The Constitutional Court Wednesday rejected a plea by Osman Kavala, a businessman linked to the 2013 Gezi Park riots as well as the Gülenist Terror Group (FETÖ), who was arrested two years ago. Kavala's lawyers had claimed their client's rights were violated by the arrest.
An indictment seeking lifelong aggravated imprisonment for 16 suspects, including Kavala, for their alleged role in trying to overthrow the government by inciting the 2013 Gezi Park protests was accepted by a court in March.
The indictment citing 746 plaintiffs, including President Recep Tayyip Erdoğan, accuses the suspects of financing and coordinating actions and protests that took place during the Gezi Park riots in 2013, while claiming that they had been involved and directed the aspects of an uprising since 2011. Prosecutors accuse defendants of holding a series of meetings to plan the riots and contacting foreign activists on how to launch riots. It said the defendants "at best wanted to force the government to resign or call early elections" and were making efforts "to prepare the grounds for a civil war or coup" if that did not happen.
Osman Kavala, who is known as the "Turkish Soros" for his links to famed Hungarian tycoon George Soros and worked with the latter's Open Society Foundation for nonprofit work, was accused of being chief financier and organizer of the riots.
Hundreds of thousands of people marched in Istanbul in June 2013 in what began as a peaceful protest against a plan to build a replica of an Ottoman barracks on Gezi Park in the city center.

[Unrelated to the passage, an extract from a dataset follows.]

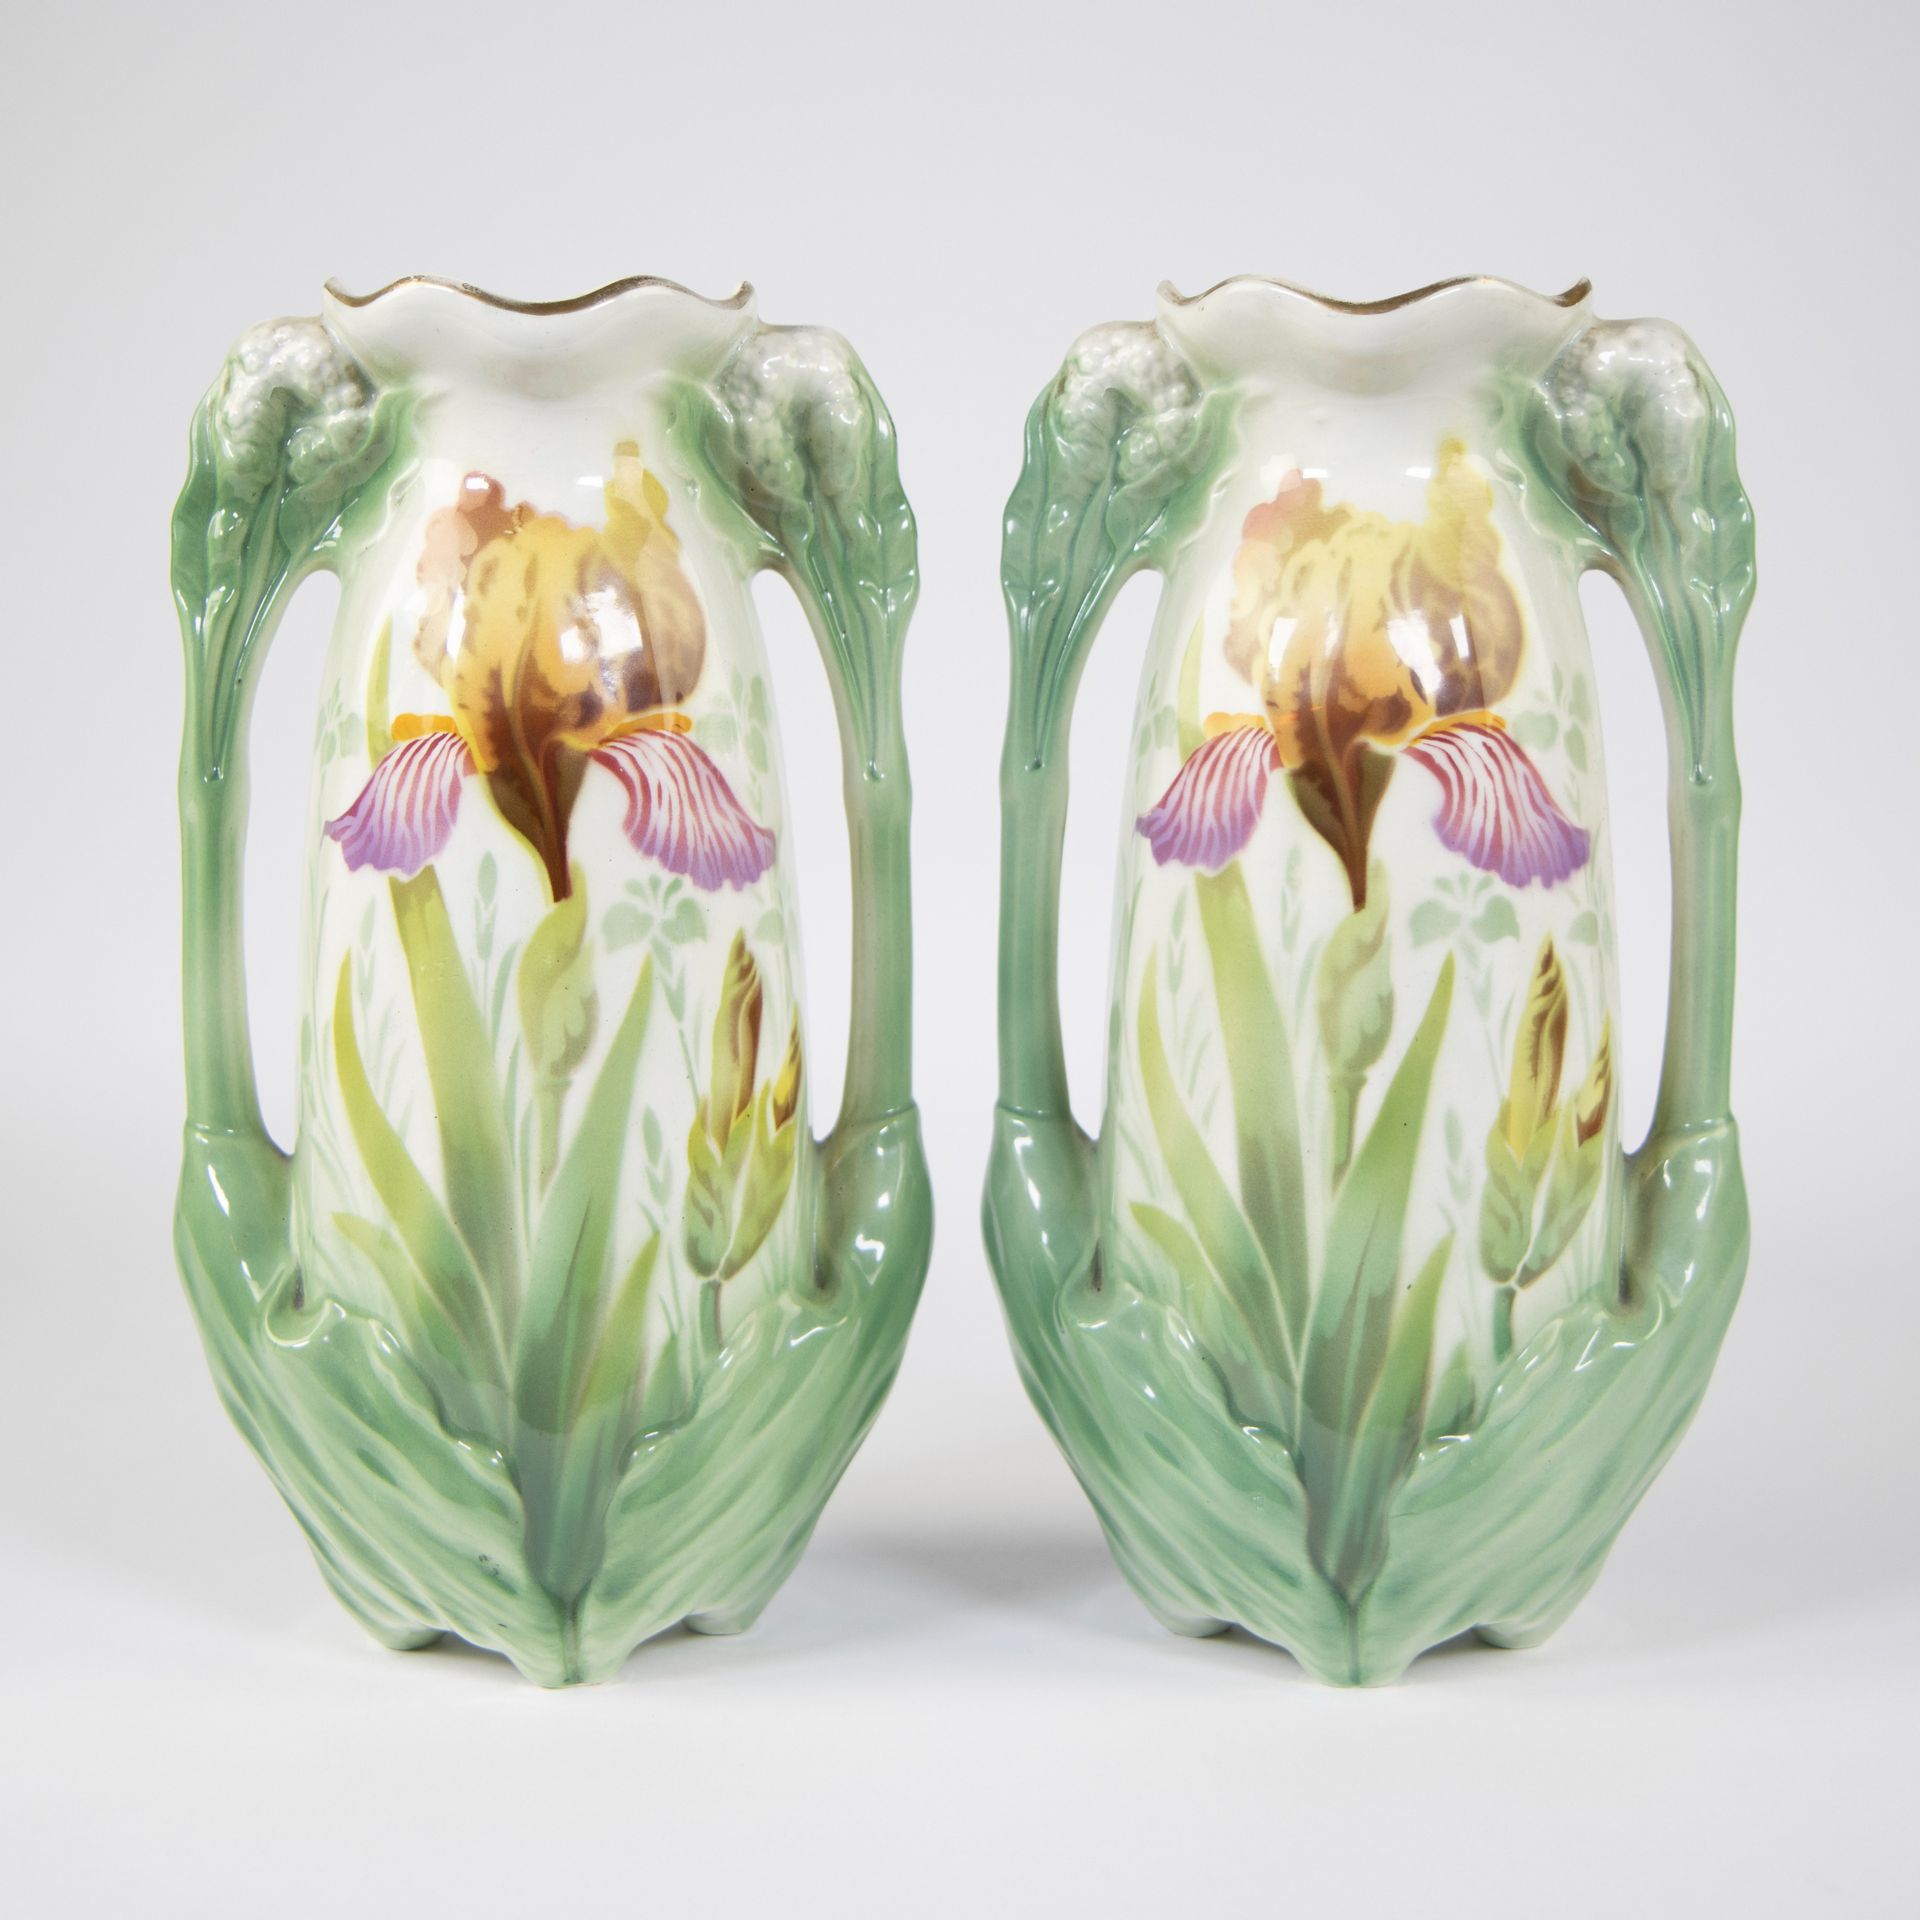 Luneville vases

Following a harsh response by the police, which is now blamed on FETÖ, the protests turned into nationwide demonstrations and riots against the government of then-Prime Minister Erdoğan. At least 10 protesters and one police officer died during clashes or events related to the protests, while thousands of others were injured. Terrorist groups including the PKK and the far-left Revolutionary People's Liberation Party-Front (DHKP-C) and various other fringe groups also jumped on the occasion, attacking security forces or taking part in rioting.